Another limitation is that the assets purchased must be tangible personal property. Examples of tangible personal property include computer equipment, furniture, manufacturing equipment, servers, and even some computer software. For most purposes, assume tangible personal property as something you can move, touch and feel that are not permanently attached to something. Automobiles can qualify but there are special rules that apply to autos that I am not going to get into for this article. It is also important to note that buildings and land do not qualify for the §179 deduction because they do not meet the definition of tangible personal property.


This year, as compared to recent years, the conversations surrounding §179 are very different.
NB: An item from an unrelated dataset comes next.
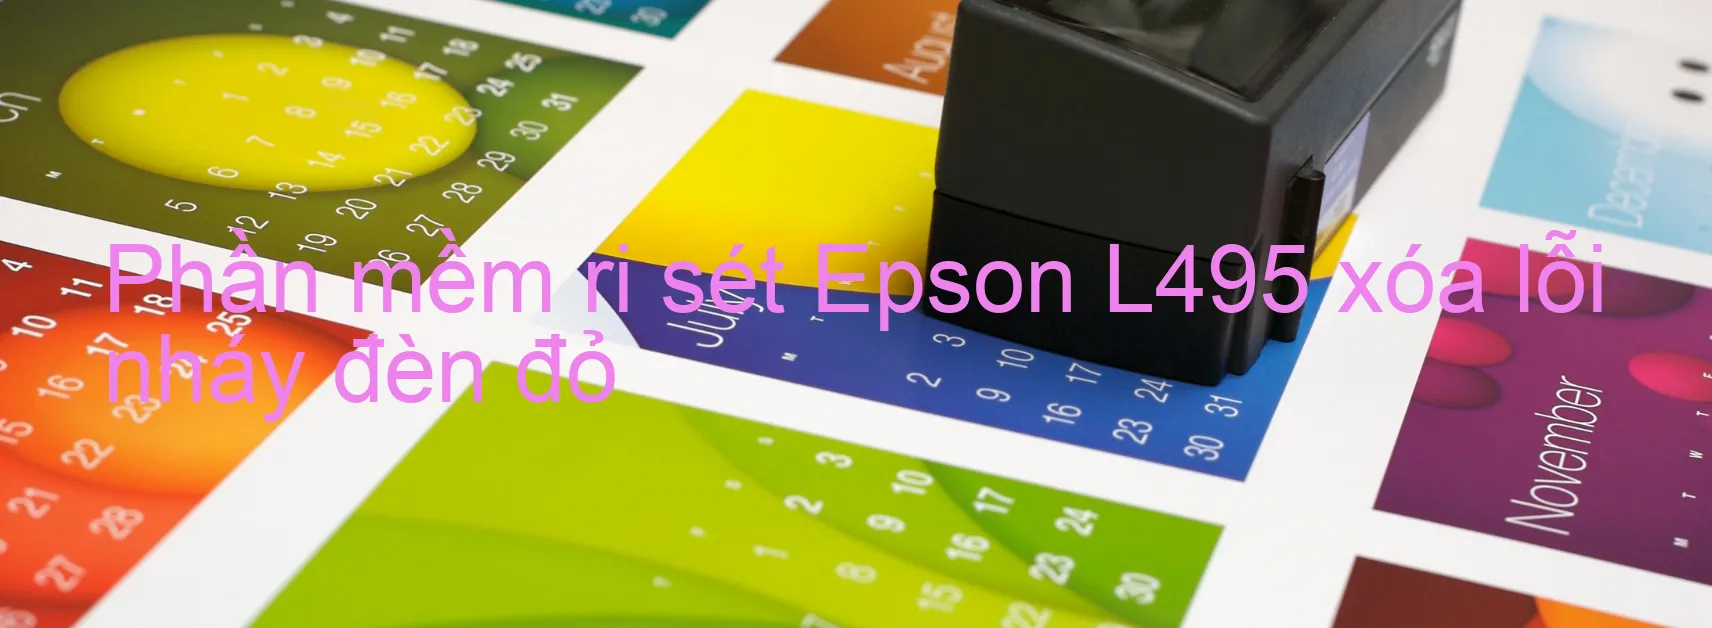 Phần mềm reset Epson L495 xóa lỗi nháy đèn đỏ

For the first time in recent memory we know exactly what the deduction is going to be for the tax year we are in. You may recall that in December of 2015 congress passed tax legislation that affected 2015 tax law. It wasn’t until December of 2015 that we finally knew how we were going to treat assets purchased in January of the same year. Prior to the PATH Act (more on the act below), the §179 deduction for 2015 was only $25,000. We went all of 2015 operating on the belief that we would only have $25,000 of §179 to utilize. So, some businesses were holding out on purchasing new business assets to maximize their tax savings. Thankfully we received clarity in December when they passed the PATH Act.

The PATH Act permanently extended §179 limits at the historically high levels. As a result we no longer have to wait and see what the deduction is going to be. Having that knowledge early in the year should allow taxpayers to better plan for tax purposes when it comes to capital spending.

The recent legislation also gives us a roadmap for what the deduction will be in future years. The PATH Act provides for inflationary adjustments to §179 going forward. The new law allows for an annual adjustment equal to the increase in the cost of living adjustment used for Social Security purposes.


For 2016 the §179 limit is $500,000. For companies who purchase more than $2,000,000 in assets, that amount is reduced dollar for dollar. So if a company places in service $2,500,000, they are not eligible for the deduction.